Having children in high school sports elicits the feelings of teamwork, competition, success and hopefully the joys of friendship. But there is a cost, sports specifically the equipment, technology and uniforms are not free. In many districts across the United States it may not cost you anything to participate - and parents may not require fundraising and sending in money request after request.
 
In my district in Wisconsin the schoolboard nor the school itself does not provide a set budget to coaches and teams. At least what I have gathered from many discussions with our athletic director, coaches and schoolboard employees. The teams are on their own to raise money for uniforms, helmets, balls, poles, mats, you name it. The students pay a fee, "red card" to the school each season. The fee is applicable to each sport played. That fee does not go into a specific sports & athletics fund. My understanding is that it goes into the general fund, which may come back to support facilities improvements. It does not go to pay for the individual needs of a team or individual.
  Enter the Athletic Boosters Club, a parent lead organization whos purpose is to provide funds to help offset the costs associated with playing sports. With more than 20 sports including e-sports the organization fulfills coaches requests on a monthly basis along with a number of scholoarships for secondary education, be it a college, university, tech or vocational program.

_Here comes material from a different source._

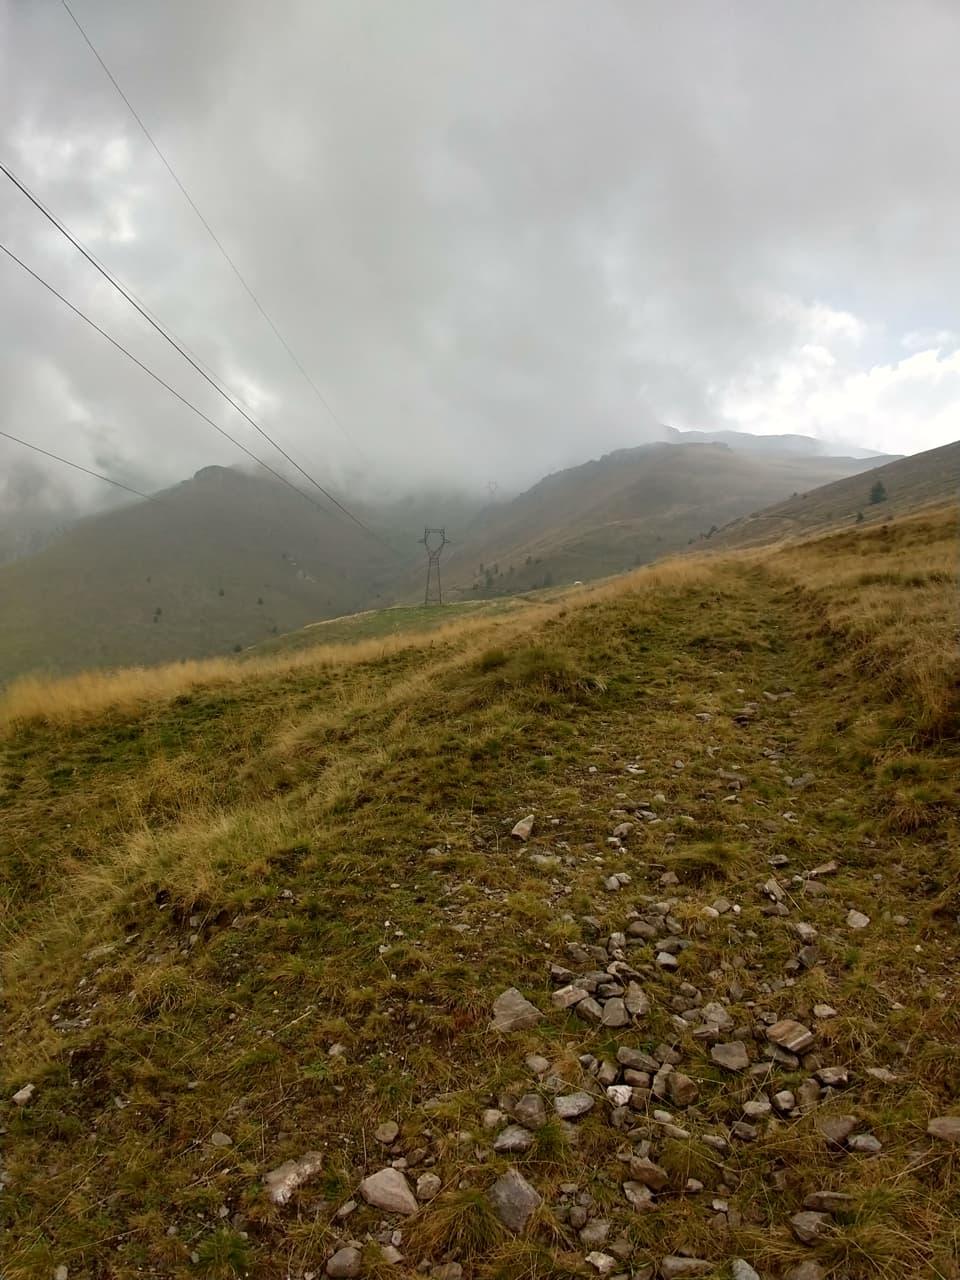 La discesa lungo la Valle di Serramando si sviluppa su ampi prati, paradiso per gli appassionati di sci alpinismo

  Being part of the WABC for three years now I've experienced first hand the profound effect we have on students, coaches and the sports. Our fundraising has offset cose to $200,000 in expenses that our school board either can't afford or will not afford - without potentially affecting other programs across the district.
  I stepped into the role of Special Projects for the board to help fill a vacancy that was present for two years. This roles main purpose is to fundraise. These are big shoes - being that the organization has been around for more than 20 years we've raised a lot of money. But the costs associated with high school sports - like many things in our world only continues to increase.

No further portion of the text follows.